▶ Available data
################
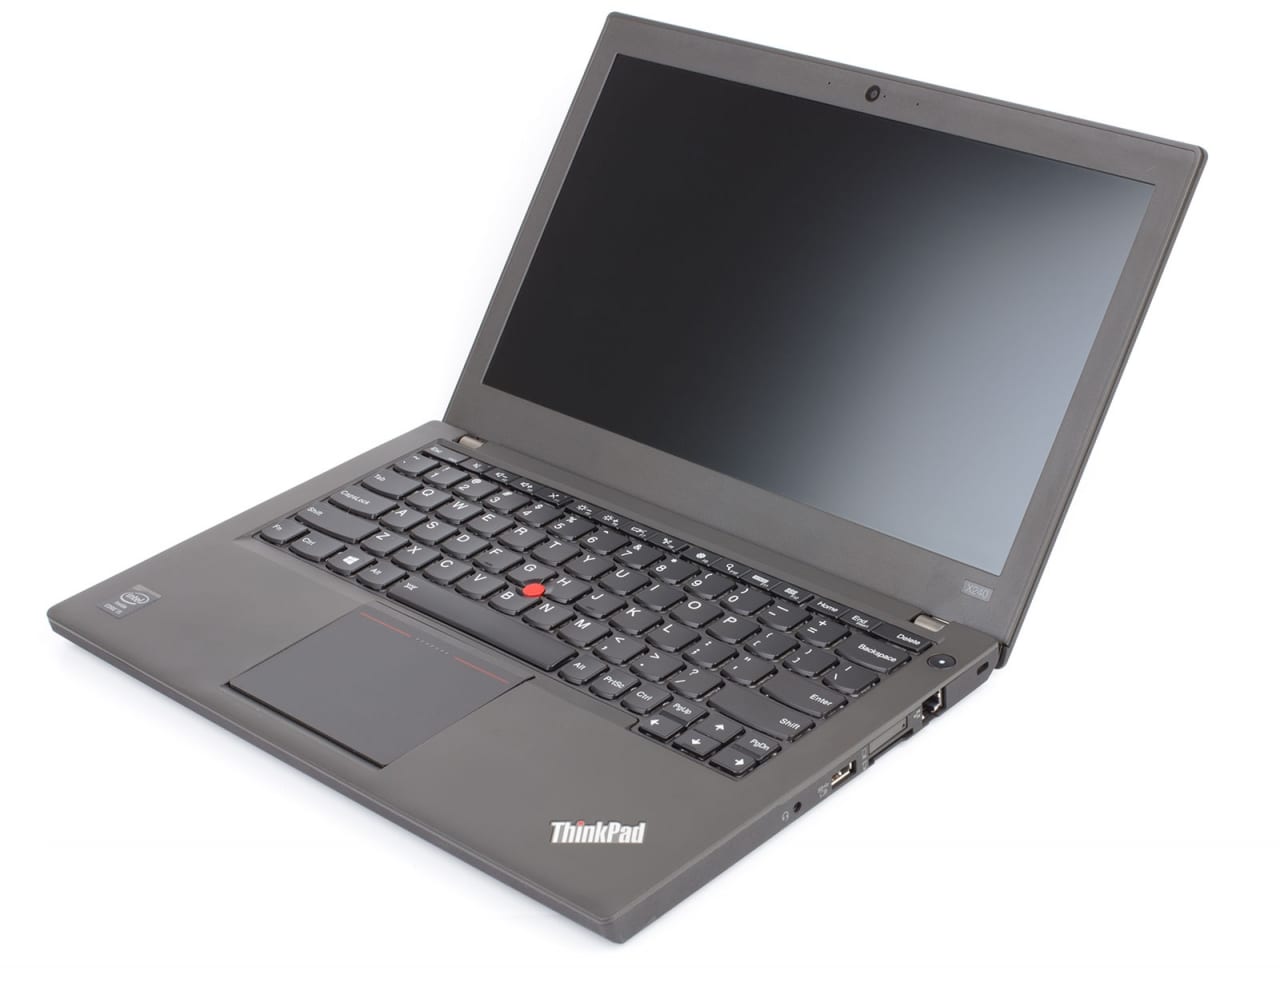 Đánh giá Thinkpad X240- dòng máy tính khởi đầu cho xu hướng macbook hóa của lenovo
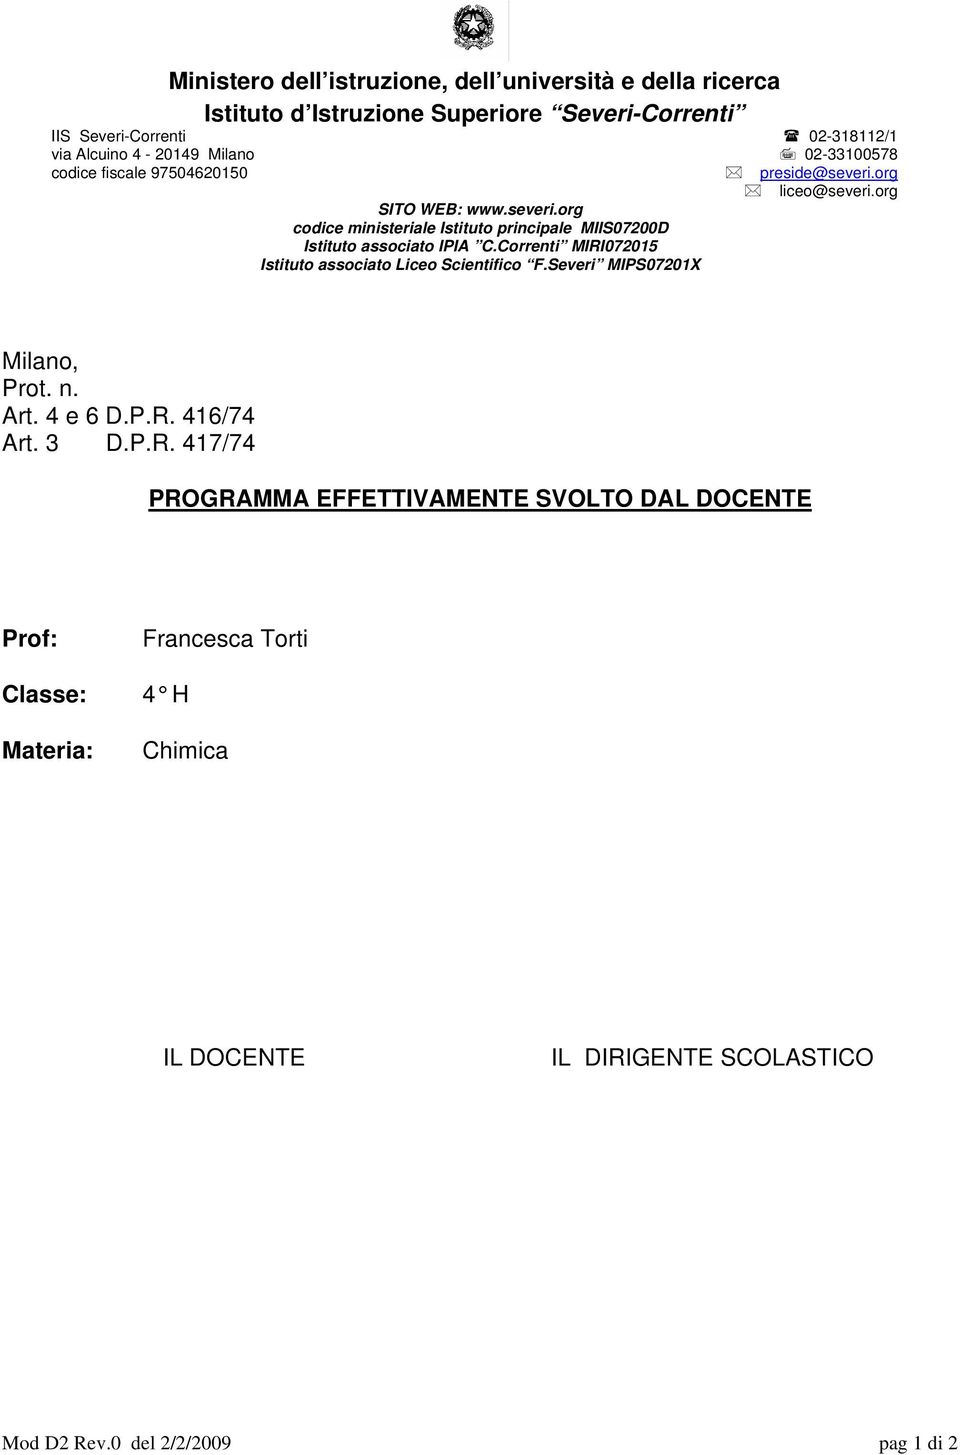 Correnti MIRI072015 Istituto associato Liceo Scientifico F.Severi MIPS07201X Milano, Prot. n. Art. 4 e 6 D.P.R. 416/74 Art. 3 D.P.R. 417/74 PROGRAMMA EFFETTIVAMENTE SVOLTO DAL DOCENTE Prof: Classe: Materia: Francesca Torti 4 H Chimica IL DOCENTE IL DIRIGENTE SCOLASTICO Mod D2 Rev.
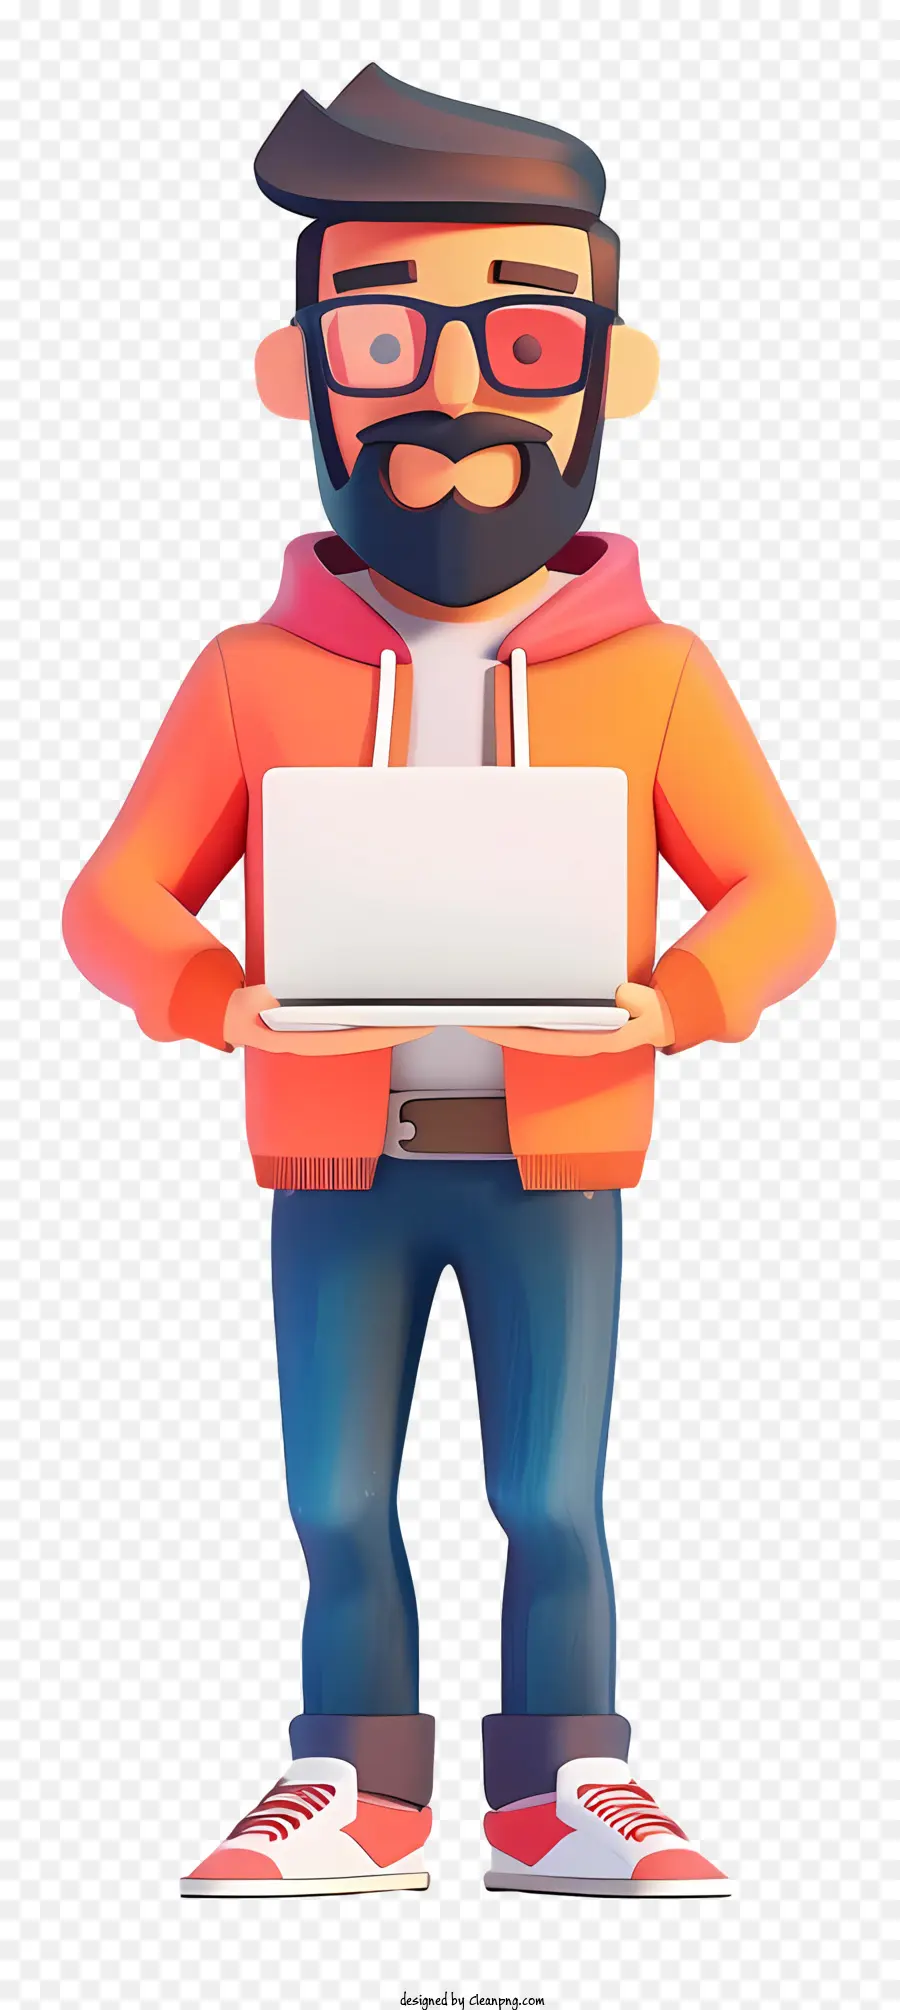 bicchieri - Programmatore di cartoni animati in felpa con cappuccio arancione con laptop
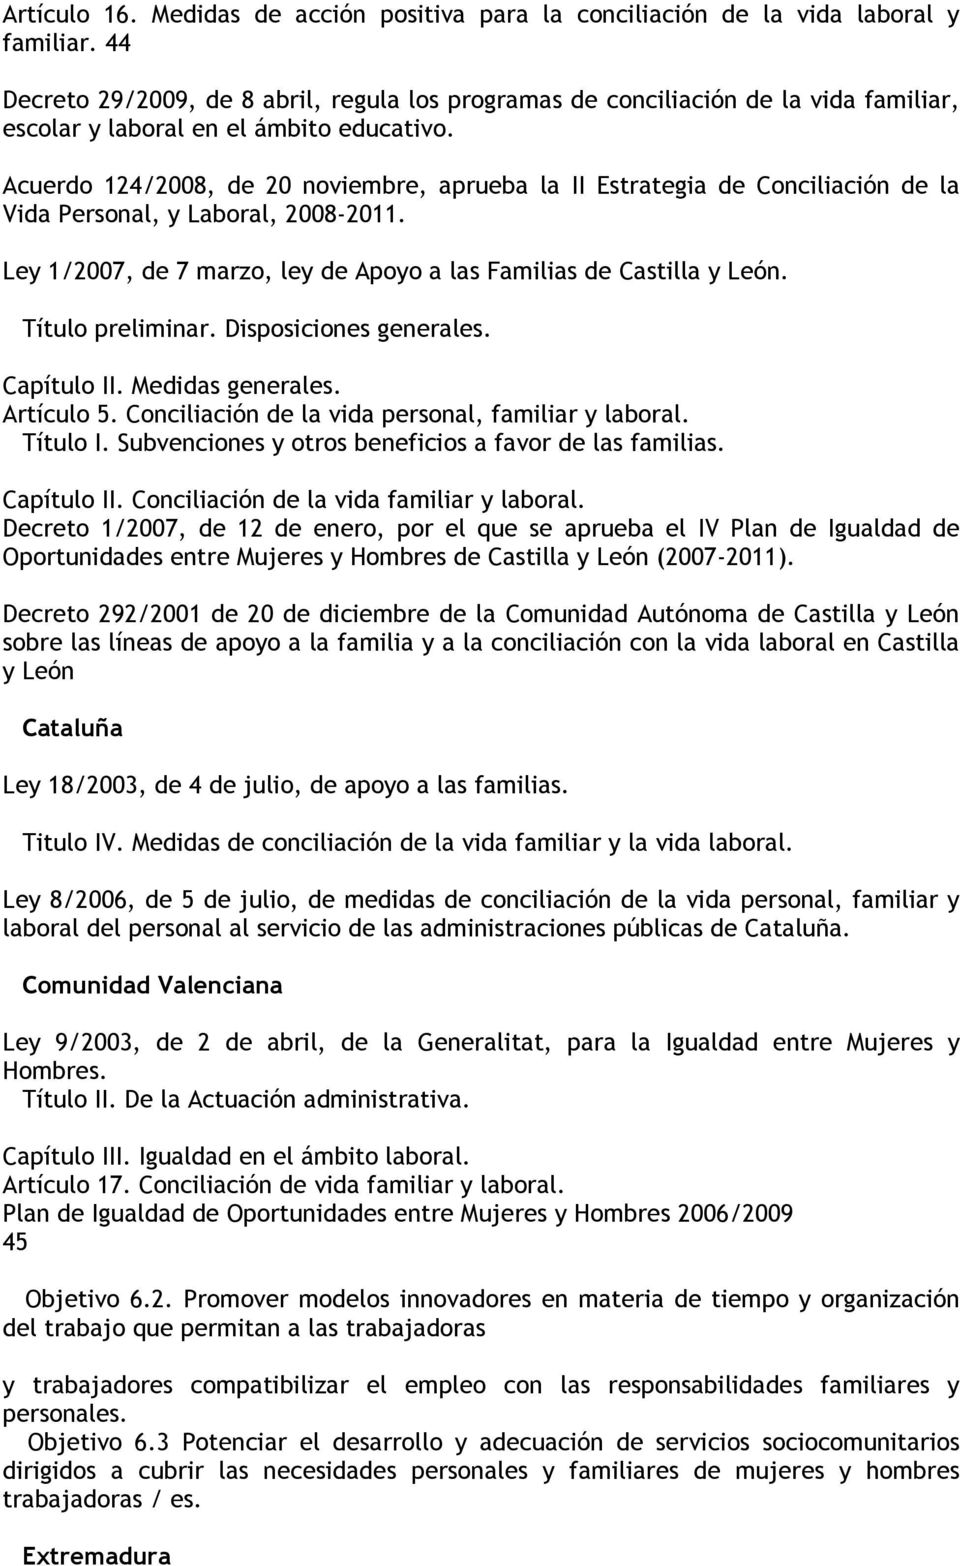 Acuerdo 124/2008, de 20 noviembre, aprueba la II Estrategia de Conciliación de la Vida Personal, y Laboral, 2008-2011. Ley 1/2007, de 7 marzo, ley de Apoyo a las Familias de Castilla y León.
################
▶ Assignment
Give every line of the listing above again, exactly, with no images.

▶ Finished exercise
 Đánh giá Thinkpad X240- dòng máy tính khởi đầu cho xu hướng macbook hóa của lenovo
 Correnti MIRI072015 Istituto associato Liceo Scientifico F.Severi MIPS07201X Milano, Prot. n. Art. 4 e 6 D.P.R. 416/74 Art. 3 D.P.R. 417/74 PROGRAMMA EFFETTIVAMENTE SVOLTO DAL DOCENTE Prof: Classe: Materia: Francesca Torti 4 H Chimica IL DOCENTE IL DIRIGENTE SCOLASTICO Mod D2 Rev.
 bicchieri - Programmatore di cartoni animati in felpa con cappuccio arancione con laptop
 Acuerdo 124/2008, de 20 noviembre, aprueba la II Estrategia de Conciliación de la Vida Personal, y Laboral, 2008-2011. Ley 1/2007, de 7 marzo, ley de Apoyo a las Familias de Castilla y León.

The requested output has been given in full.